- WORK INSTRUCTION:
Set down the whole listing below exactly, without pictures.

- RECORDED DATA:
/---

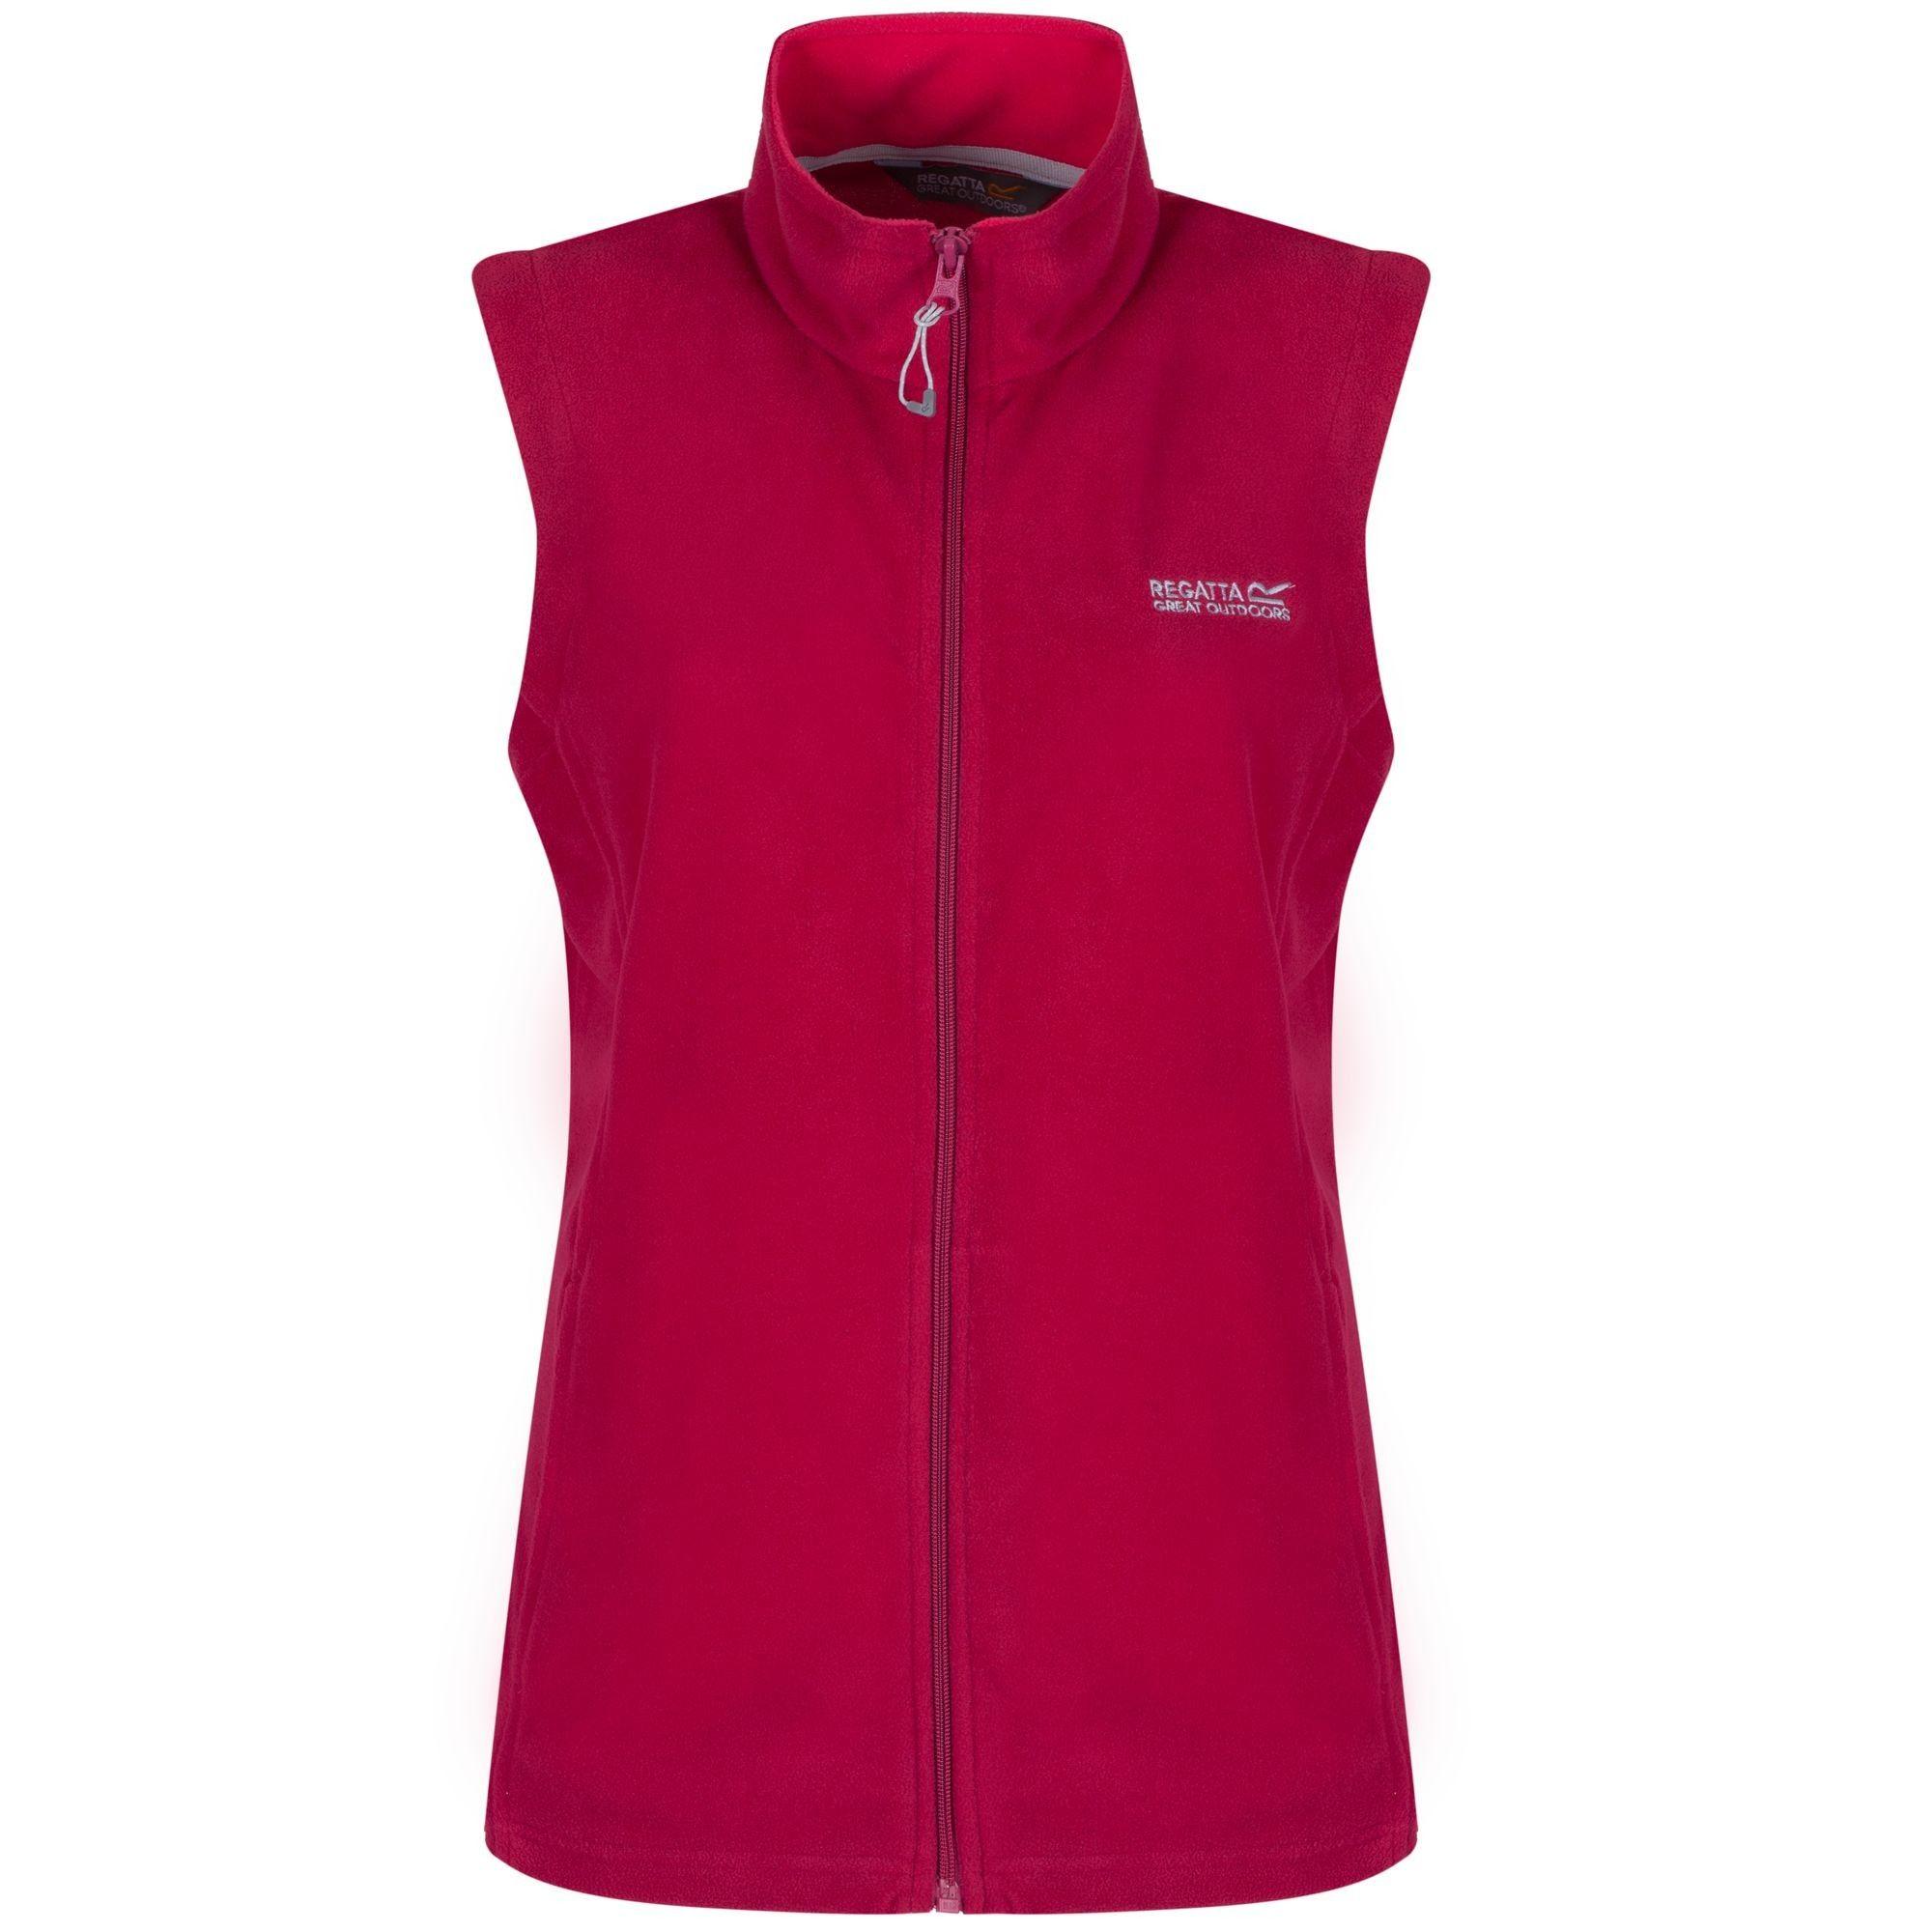 Regatta Great Outdoors Womens/Ladies Outdoor Classics Sweetness II Bodywarmer
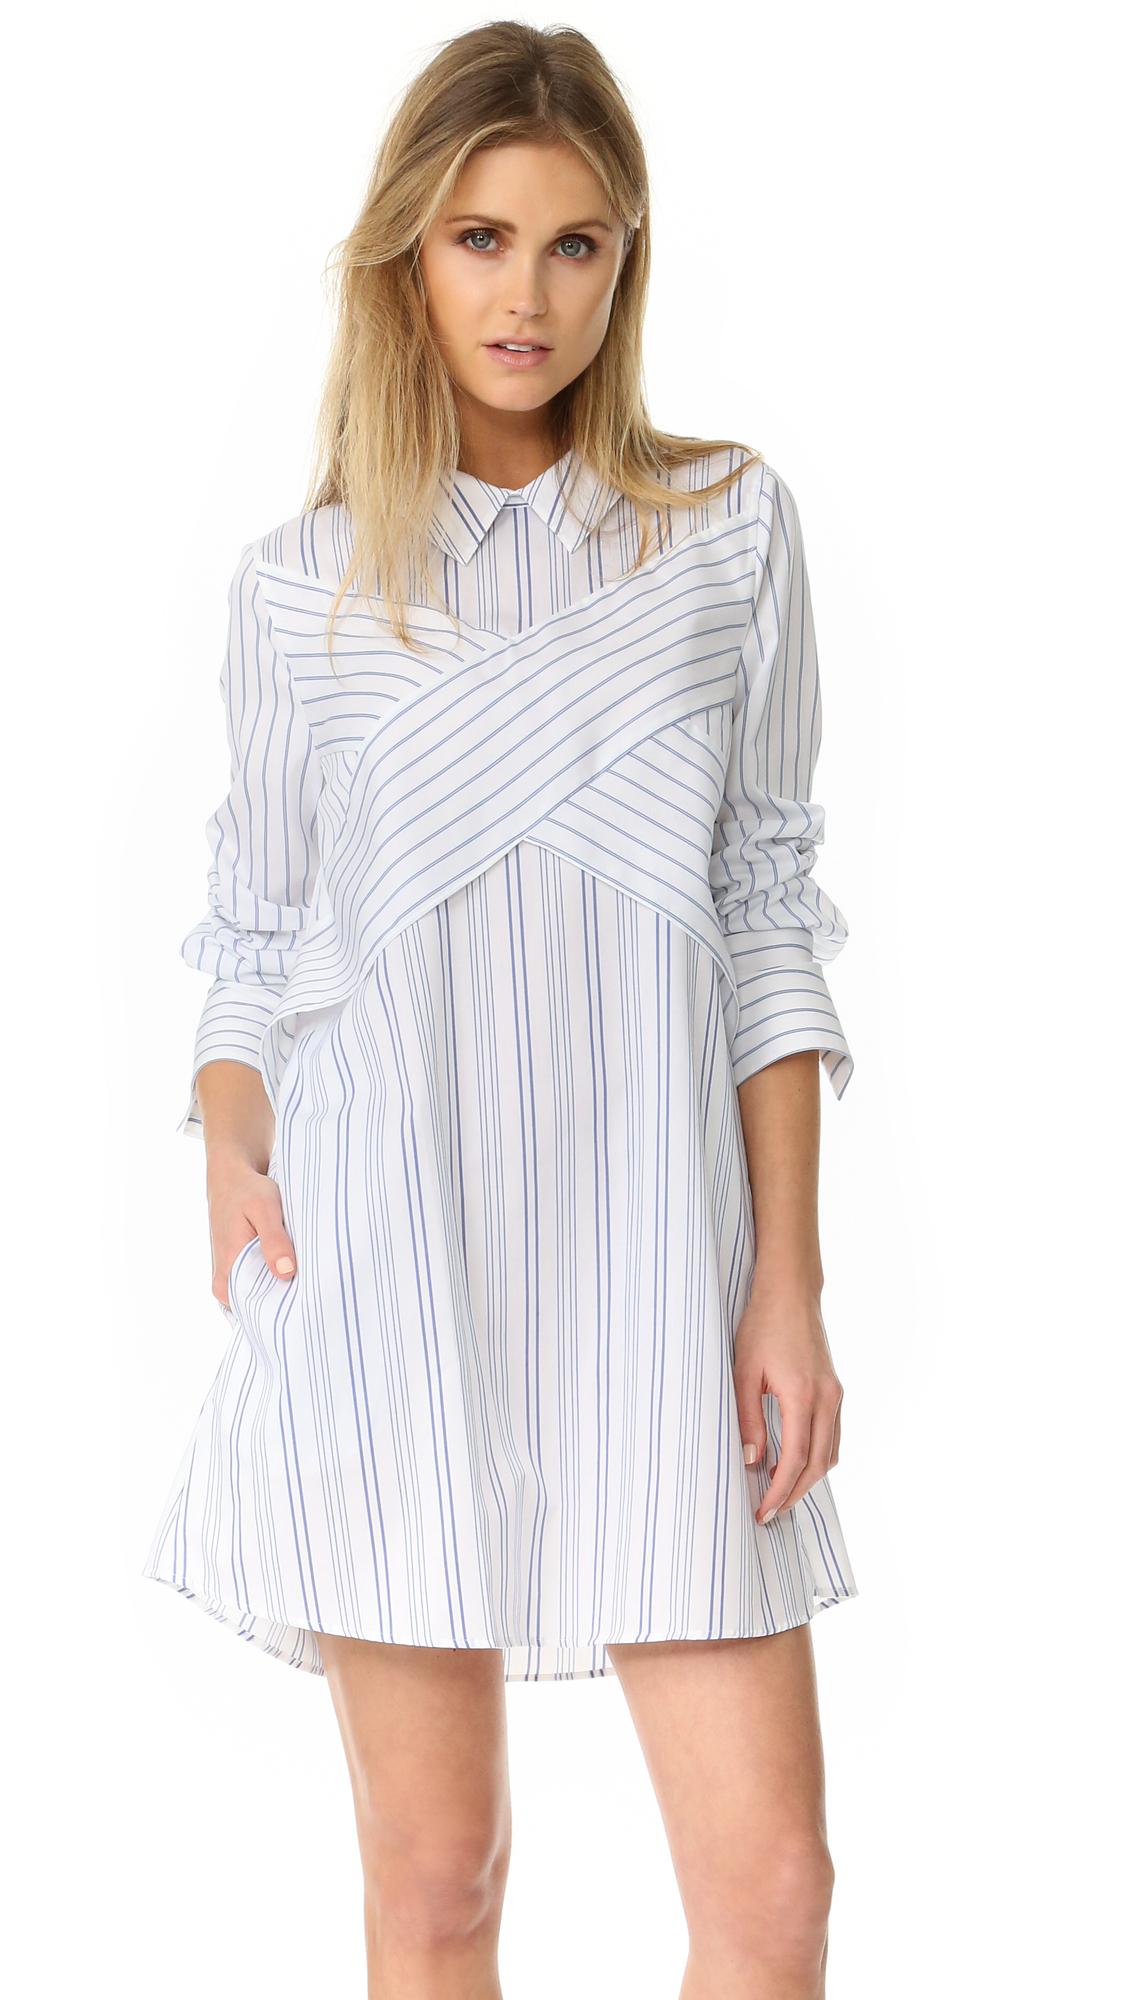 Bcbgmaxazria Crisscross Shirtdress - Blue White Combo at Shopbop
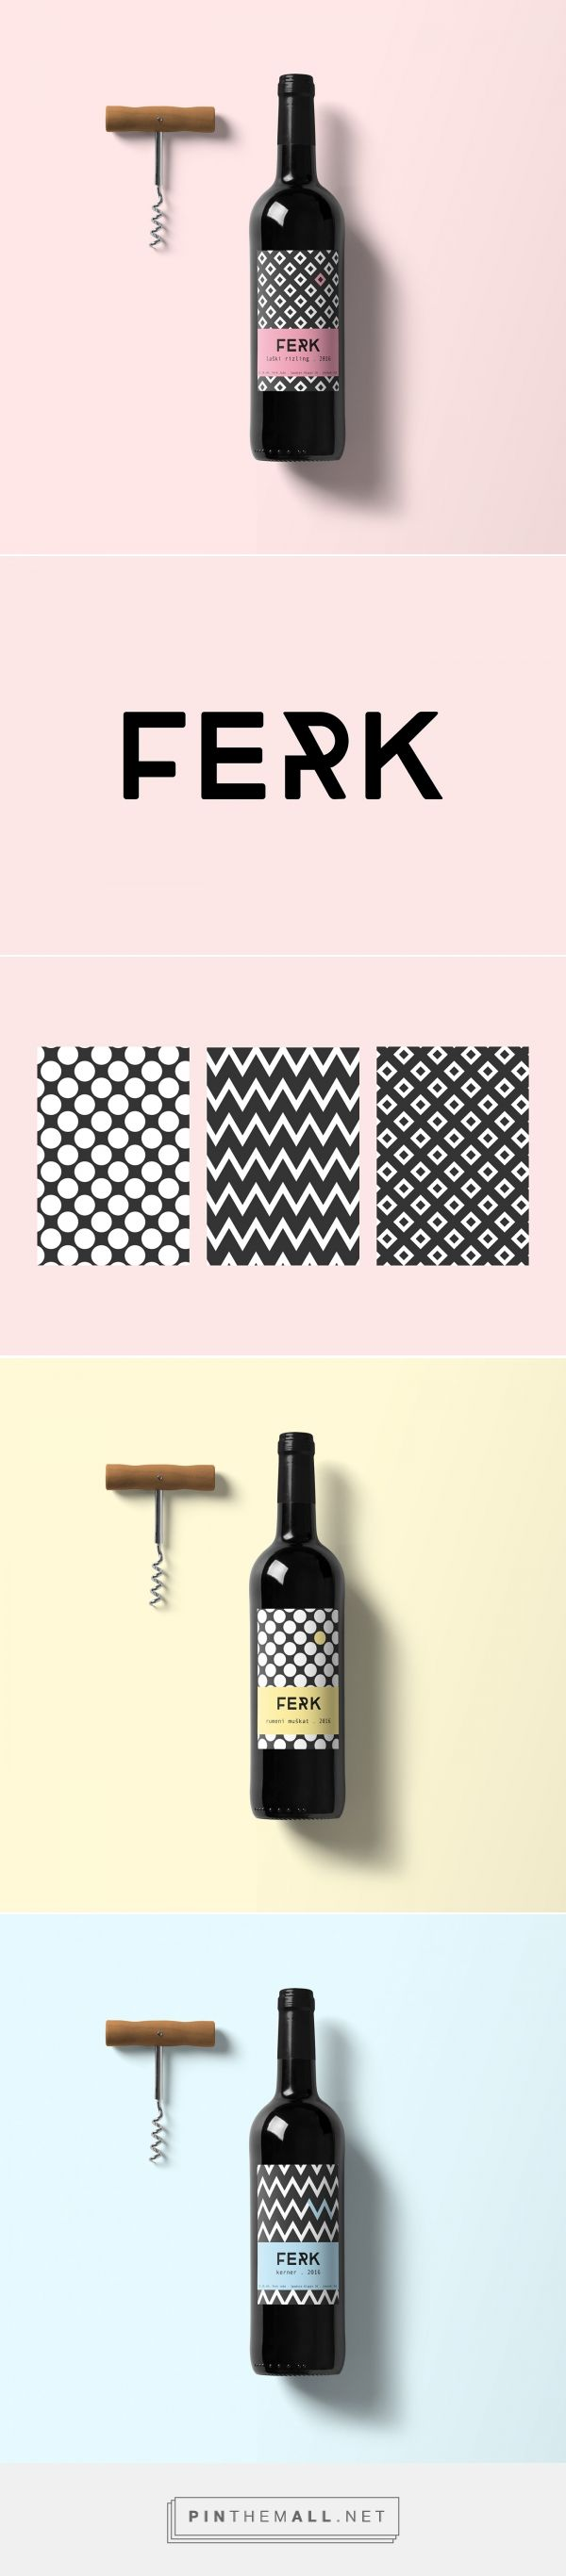 Ferk Wine Packaging by Claudia Kvar   Fivestar Branding Agency – Design and Branding Agency & Curated Inspiration Gallery
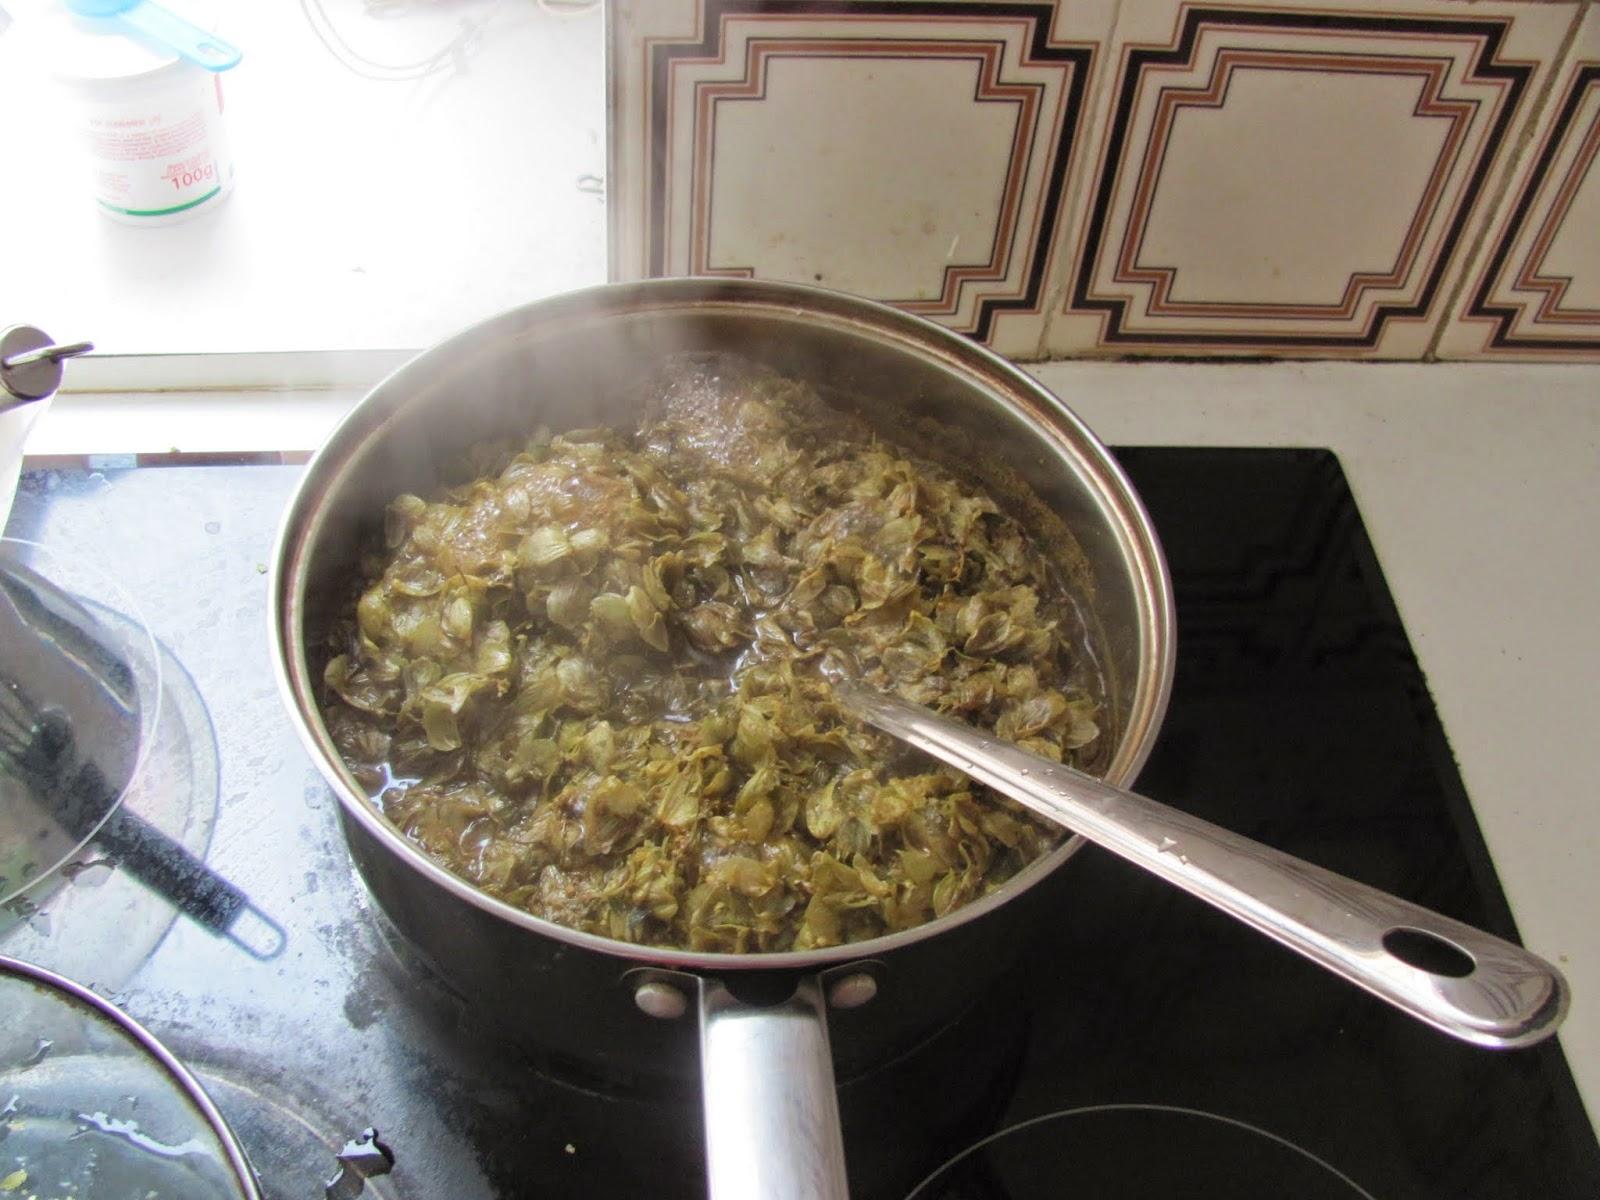 Boiling Hops

\---

- PROBLEM SOLUTION:
 Regatta Great Outdoors Womens/Ladies Outdoor Classics Sweetness II Bodywarmer
 Bcbgmaxazria Crisscross Shirtdress - Blue White Combo at Shopbop
 Ferk Wine Packaging by Claudia Kvar   Fivestar Branding Agency – Design and Branding Agency & Curated Inspiration Gallery
 Boiling Hops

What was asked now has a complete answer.